## Webscraping IMDb 1000 Greatest Films of all Time and Exploratory Data Analysis (EDA)

#### This Webscraper will scrape data for all 1000 films and will collect the following:
* Title
* Genre
* Release Year
* Director
* Lead Actor
* Run Time
* MPA_Rating
* IMDb_Stars_Rating
* Synopsis
* Metascore
* Votes
* Gross
* Thumbnail Image URL

In [1]:
import requests
from bs4 import BeautifulSoup
import pandas as pd
import numpy as np
import matplotlib.pyplot as plt
import plotly.express as px
import seaborn as sns
from time import sleep
from random import randint
import re
import xlsxwriter


In [2]:
# enable English translation of film titles
headers = {'Accept-Language': 'en-US, en;q=0.5'}

In [3]:
page_1_url = 'https://www.imdb.com/search/title/?groups=top_1000&sort=user_rating,desc&count=100&ref_=adv_prv'
page_1_url_response = requests.get(page_1_url)

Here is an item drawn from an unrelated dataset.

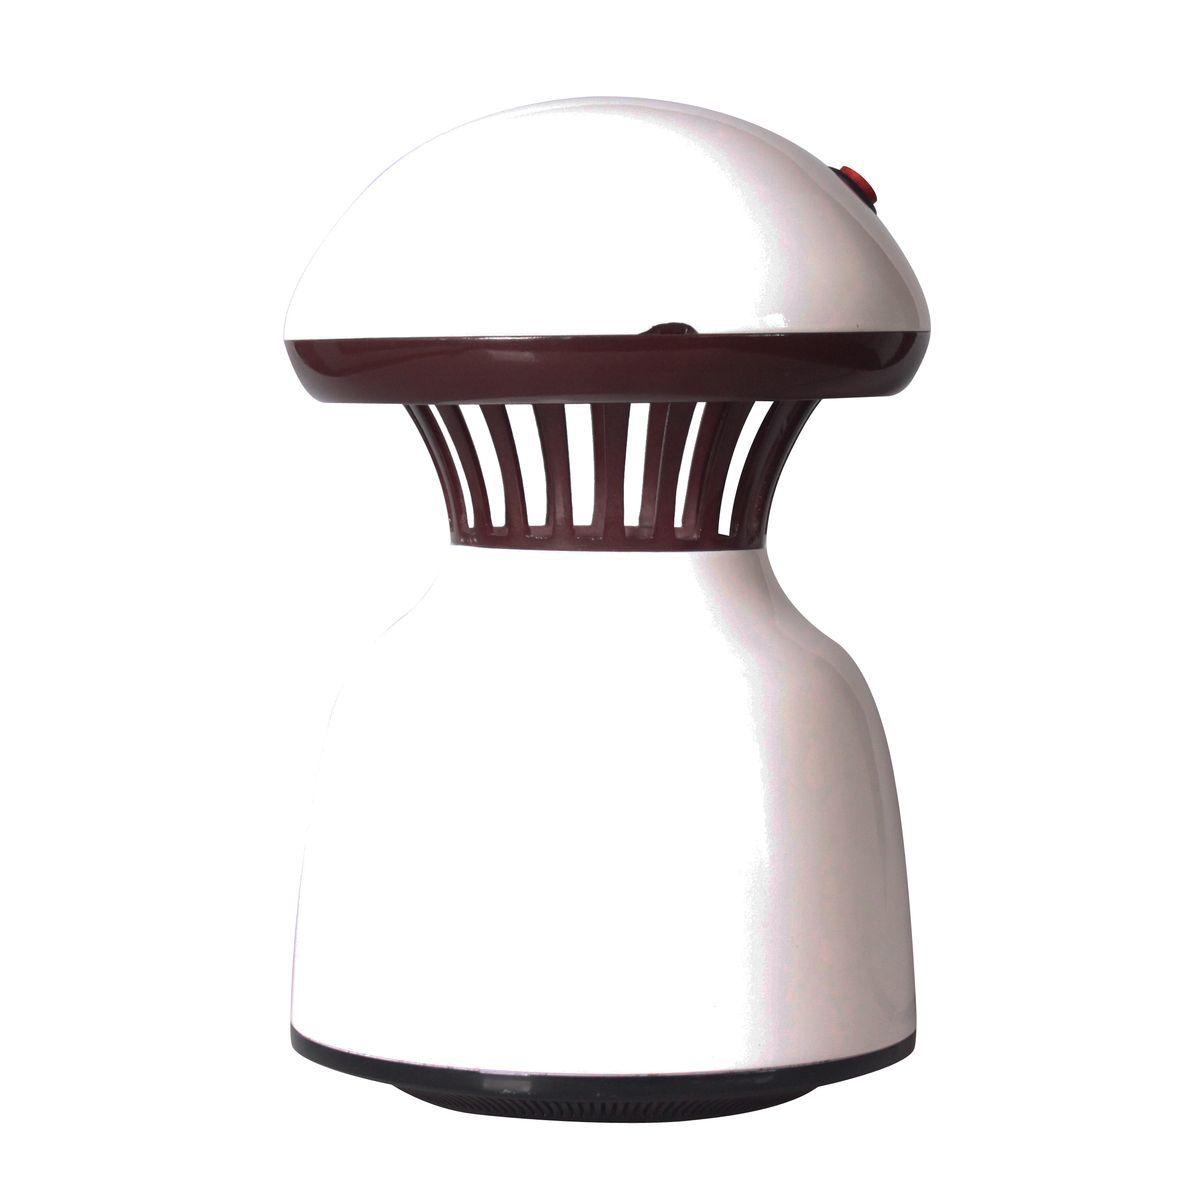 Appareil anti moustiques 002209 - Blanc

print(page_1_url_response.status_code)

200


In [4]:
# initialize empty lists in which to store extracted (scraped) data

title = []
genre = []
year = []
director = []
lead = []
time_minutes = []
mpa_rating = []
imdb_stars_rating = []
synopsis = []
metascore = []
votes = []
gross = []
image_url = []



From first page, each successive page in the 1000 film list has a url that contains a change to the page number starting with no page designation for the first page, to a the number indicating the additional 100 items in the film list: 101, 201, 301, 401, 501, 601, 701, 801, 901, with the latter containing the last 100 films in the collection.


items 1 to 100

https://www.imdb.com/search/title/?groups=top_1000&sort=user_rating,desc&count=100&ref_=adv_prv

items 101 to 200

https://www.imdb.com/search/title/?groups=top_1000&sort=user_rating,desc&count=100&start=101&ref_=adv_prv

items 201 to 300

https://www.imdb.com/search/title/?groups=top_1000&sort=user_rating,desc&count=100&start=201&ref_=adv_prv

items 301 to 400

https://www.imdb.com/search/title/?groups=top_1000&sort=user_rating,desc&count=100&start=301&ref_=adv_prv

items 401 to 500

https://www.imdb.com/search/title/?groups=top_1000&sort=user_rating,desc&count=100&start=401&ref_=adv_prv

items 501 to 600

https://www.imdb.com/search/title/?groups=top_1000&sort=user_rating,desc&count=100&start=501&ref_=adv_prv


...

items 901 to 1000

https://www.imdb.com/search/title/?groups=top_1000&sort=user_rating,desc&count=100&start=901&ref_=adv_nxt


In [5]:
# create an array using: numpy.arange([start, ]stop, [step, ], dtype=None)
# consider the imdb pages list 1000 films with each of the 10 pages listing 100 films
# from above page URLs we can see that each page contains a list of 100 films
# variable pages will store the 10 page designations for each of the page URLs
pages = np.arange(1, 1001, 100)

# get list containing the 10 pages that contain 100 films each
pages

array([  1, 101, 201, 301, 401, 501, 601, 701, 801, 901])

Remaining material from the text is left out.